The first film is set mostly in a future version of Davao—in the Gundam timeline of UC 105. Directed by Shuko Murase, “Hathaway” is the first of a film trilogy based on “Mobile Suit Gundam: Hathaway’s Flash,” a line of light novels written by “Gundam” creator Yoshiyuki Tomino that ran in the Kadokawa Shoken manga from 1989 to 1990. The events of “Hathaway” happen between the film 1988’s “Mobile Suit Gundam Char’s Counterattack” and 1991’s “Mobile Suit Gundam F91.”
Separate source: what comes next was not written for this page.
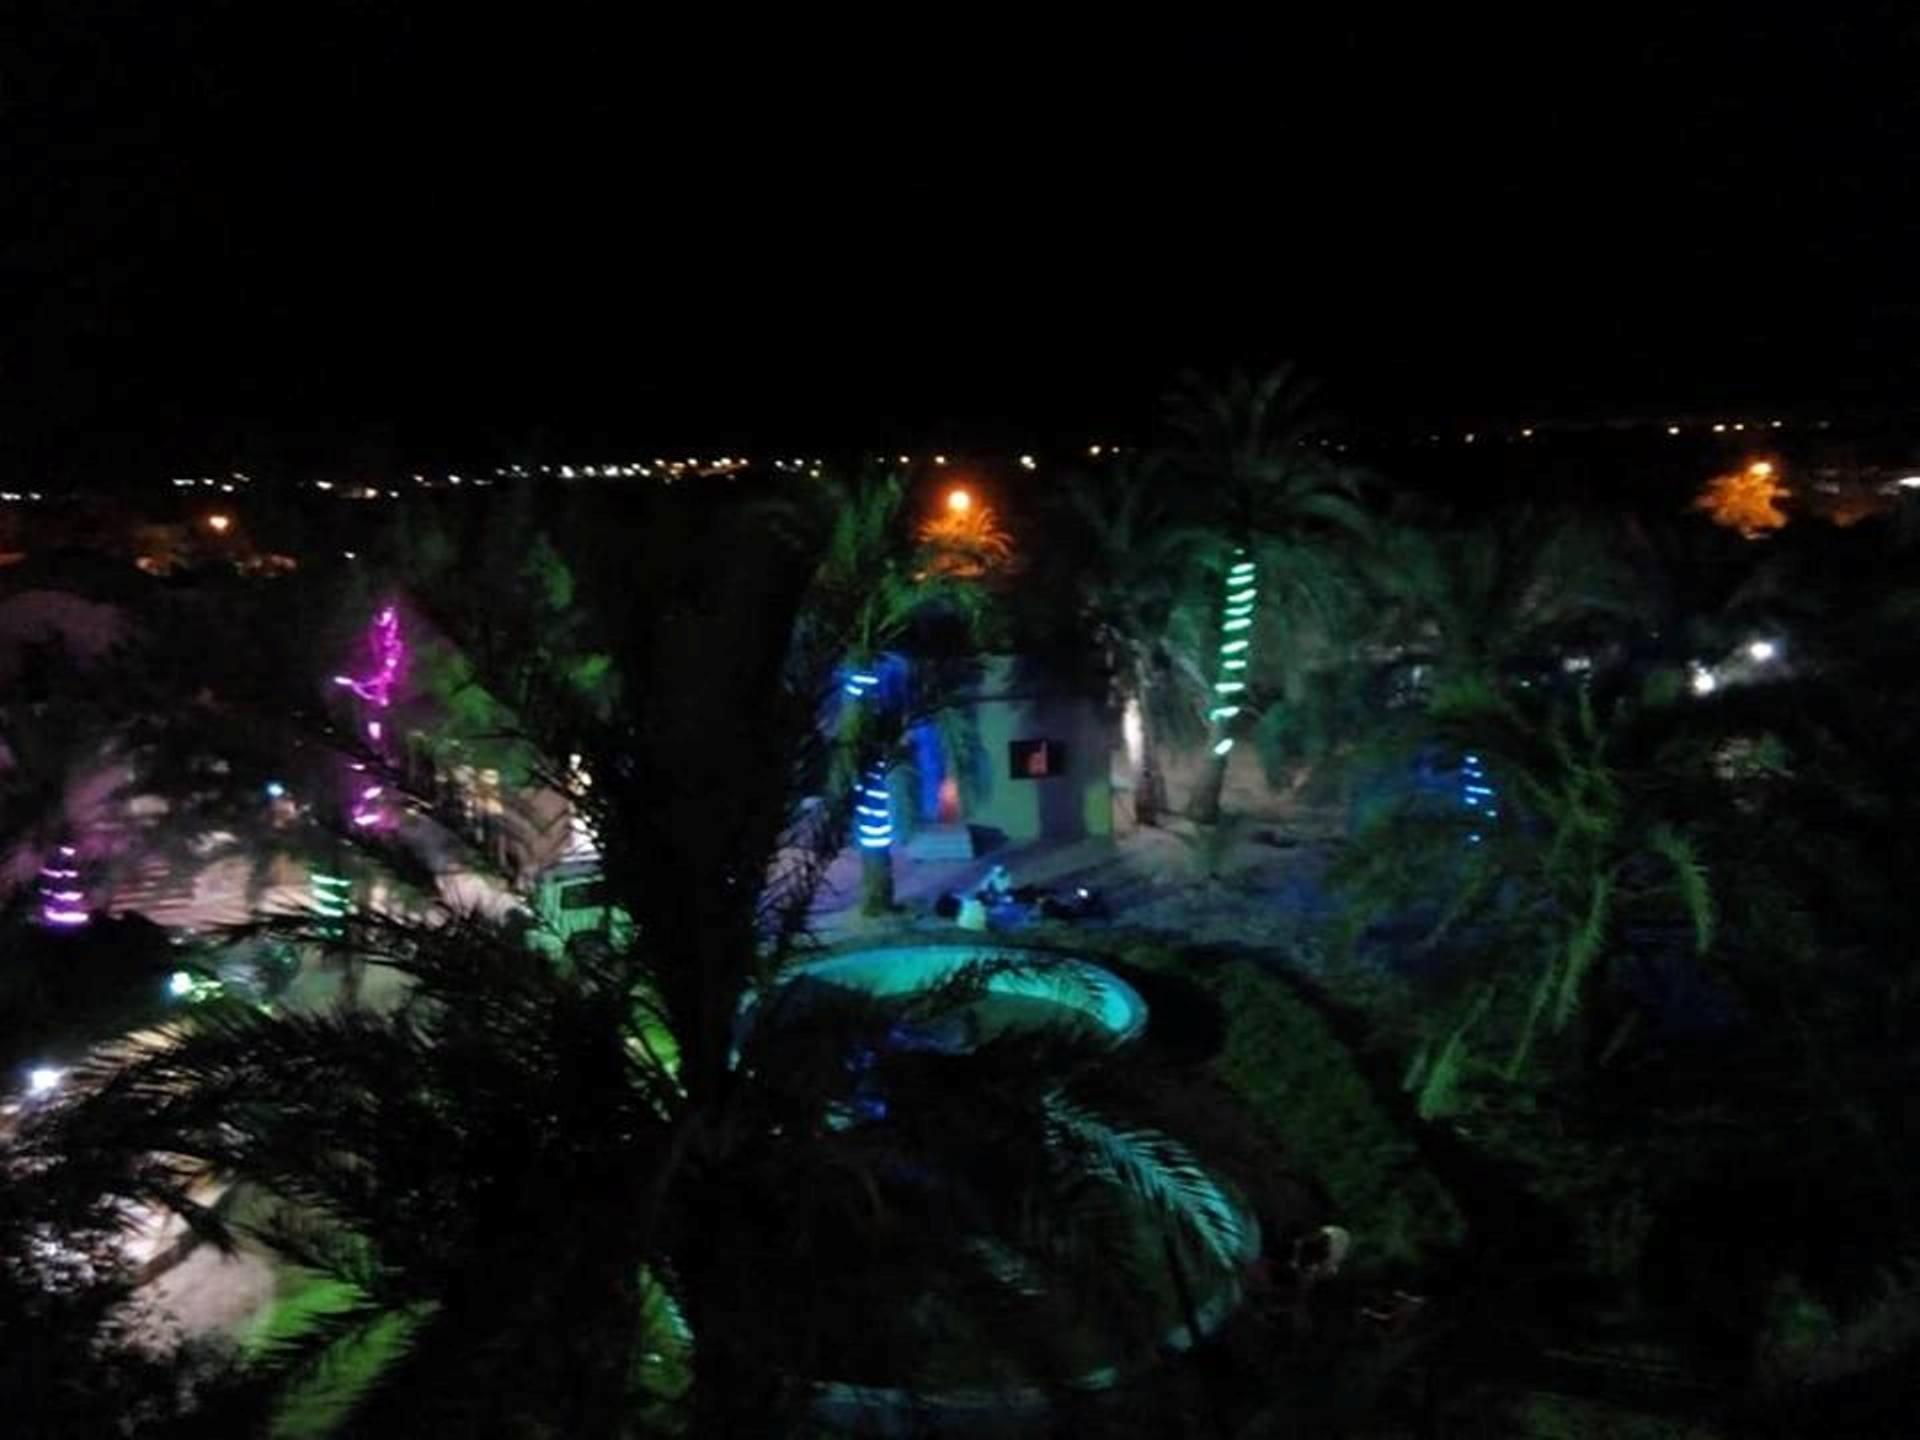 أجواء واحة سيوة ليلاً واستمتاع الزائرين بالهدوء والطبيعة البكر

“Hathaway” begins 12 years after “Counterattack.” In the first part of “Hathaway,” a shuttle carrying Federation officials is hijacked by alleged terrorists from the Mafty organization, but are repelled by passenger Hathaway Noa and Federation officer Kenneth Sleg. The damaged shuttle has to land in the Federation base in Davao, Sleg’s destination as he is set to take over the mobile suit unit there. Sleg doesn’t realize that the man his task force is tasked to hunt down—the mysterious Mafty Navue Erin—is Hathaway himself.

This is further complicated by the fact that Hathaway is the son of Bright Noa, one of the most noble characters in the original “Mobile Suit Gundam” from 1979. This is the beginning of a series of furious robot battles, covert operations and personal conflicts. The show features very stylized mecha designs from “Hades Project Zeorymer’s” Moriki Yasuhiro. In short, they’re quite crazy, especially the Penelope Gundam, which doesn’t even sound like any Gundam before. But Murase delivers with kinetic robot battles and engaging espionage. The animation is amazing, up to par with that of “Mobile Suit Gundam Unicorn” and its sequel “Mobile Suit Gundam Narrative.” •In fact, one of the most interesting parts of “Hathaway” happens when a mobile suit battle breaks out in the middle of the city—but is seen from Hathaway’s point-of-view, showing how terrifying such encounters can be at ground level, collateral damage and all.

You don’t need to know all the “Gundam” backstory to appreciate “Hathaway,” you just have to keep up, because it runs at a pretty relentless pace story-wise, thanks to Murase and composer Hiroyuki Sawano. But like any “Gundam” property set in the UC, there is a lot of background that is necessary to truly appreciate the significance of “Hathaway.” This is particularly important considering the behavior of Hathaway (and the late, unlamented Quess) in “Char’s Counterattack.” It is, however, a great jump-on point for possible new fans for the “Gundam” franchise, maybe Filipino fans who have yet to discover his venerable science fiction property.

Hathaway is set up as the protagonist in the eponymous series, but, as in many “Gundam” series, the ostensible “terrorist” is set up as the hero. This is, however, a logical and welcome development to the mess he was after “Char’s Counterattack.” Gigi Andalucia is the mysterious femme fatale. Sleg is the actual honorable character—but is placed in a problematic position. We can see the care that went into the production. “Hathaway” producer Naohiro Ogata actually visited Davao and scouted the location. So it is the Davao of the future, down to the •palengke•, and, eyes aren’t fooling you, that really is Jollibee—the fast food chain branch, the mascot and the Chickenjoy—all making appearances in “Hathaway.”

Jollibee in the Universal Century

“Mobile Suit Hathway” is a pleasant contradiction: A very modern execution of one of the older canonical “Gundam” novels. While “Gundam” fans will no doubt appreciate a new movie on Netflix, Filipinos should take a look and maybe appreciate why this property is so popular here. Otherwise, the only downside is that “Mobile Suit Gundam Hathaway” is clearly the beginning of the trilogy, and we have to wait for the two other parts to find out what happens in the end.

“Mobile Suit Gundam Hathaway” is now streaming on Netflix.